“Be daring, be different, be impractical, be anything that will assert integrity of purpose and imaginative vision against the play it safers, the creatures of the common place and the slaves of the ordinary.” Sir Cecil Beaton
On the first date she informed me that she has ADD. Not a problem, I thought, I can live with that. On the second date she says, I think I have Asperger’s Syndrome. Ummmm, I’m not EXACTLY sure what that is, but I’m still okay. On the third date she tells me, I think I MIGHT have Borderline Personality Disorder (which in hindsight is the funniest fckn thing I’ve ever heard). Waitaminute, hold the phone!!! Just give me one second while I consult the Vicky Mendoza Diagonal. Yup, that’s what I thought. You’re not hot enough to be that crazy. I’m afraid you have to leave now.
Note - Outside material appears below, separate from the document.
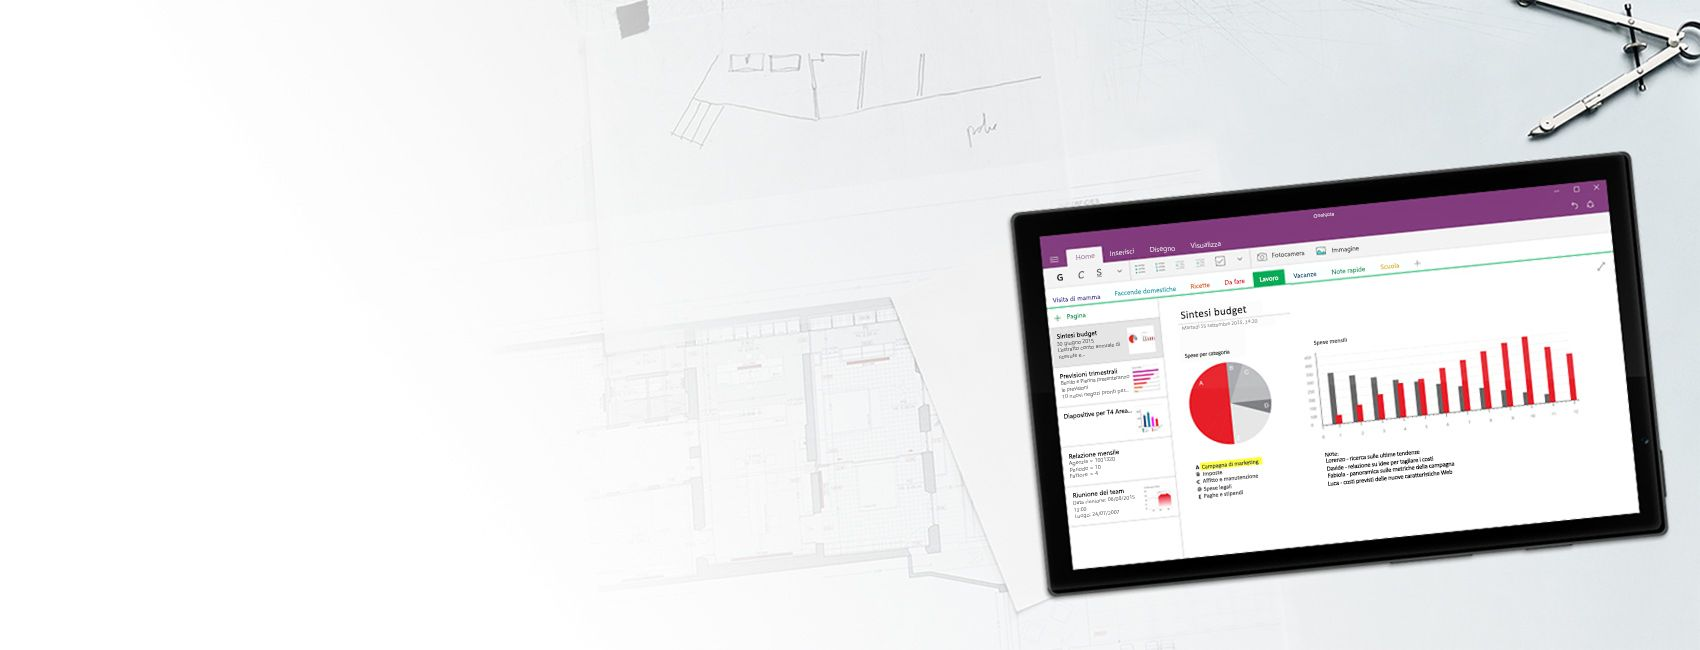 Tablet Windows che visualizza un blocco appunti di OneNote con grafici e diagrammi riepilogativi del budget
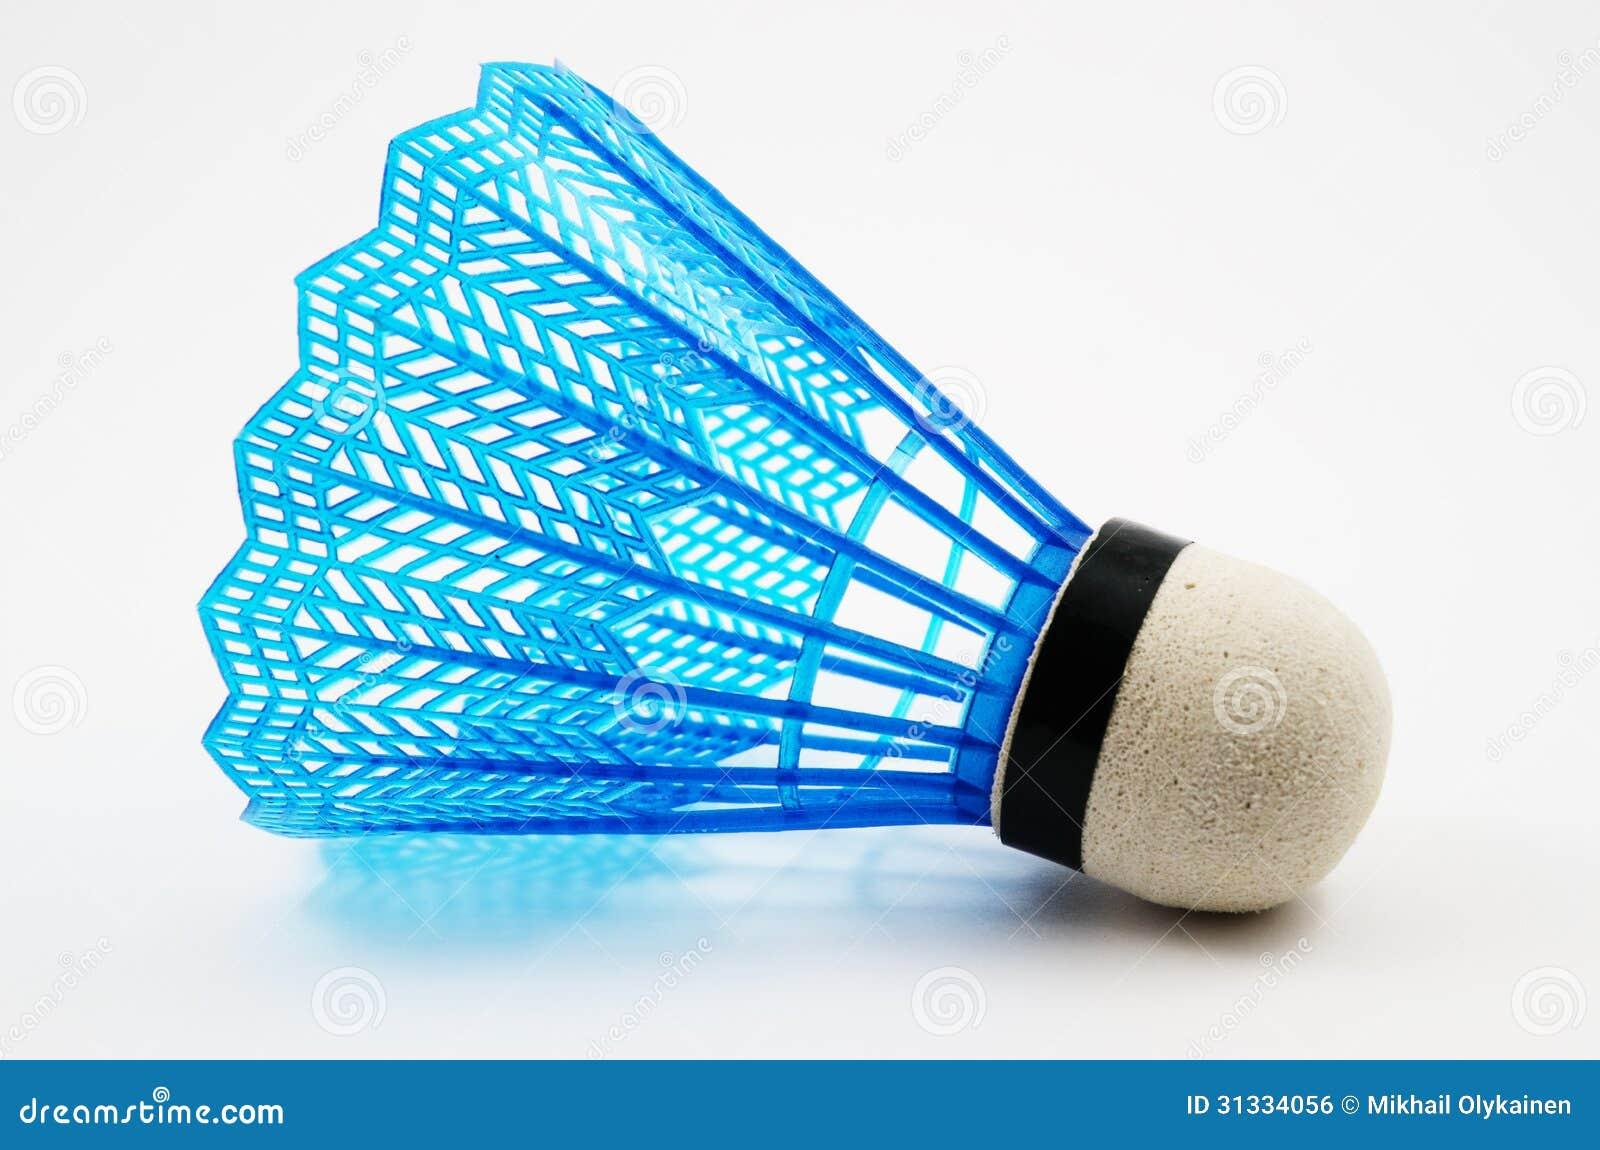 blue-badminton-shuttlecock-white-backgro

The good news is I tend to gravitate towards these very intelligent, sensible types which provide good advice. The bad news is they also tend to be a little loopy. I once dated a woman who on one hand would provide sage insights on how to deal with difficult coworkers, for example, and then on the other hand wrap a string of magnets around her neck as a prophylactic against The Universe’s negative energy. Baffling. Then there was the engineer who had an extreme fear of bed bugs. In her purse she carried around this spritzer filled with a personal mixture of lemon grass, sage, thyme and fuck-knows-what-else which she would use to spray herself, me and our surrounding area whenever we went out on a date. I was told that this concoction would drive the offending bed bugs away from us. She’d say, would you like some of this, sweetie? Uh no, I’m thinking to myself, I’d rather do a deep probe of my anus and wipe the result under my nose than continue to smell that shit. Instead I asked, is it flammable? She paused. I continued, I mean I don’t want some arse who’s smoking a cigarette to flick an ember on me and then I spontaneously combust. That would seriously fuck up my day. See? Loopy.
I’ve decided that from now on whenever someone asks me what I do for a living I’m going to tell them, ‘I walk the Earth having adventures’. Piloted it on some woman at a bar on Saturday night, but couldn’t keep a straight face when I said it. Will try again though and report back on the responses received.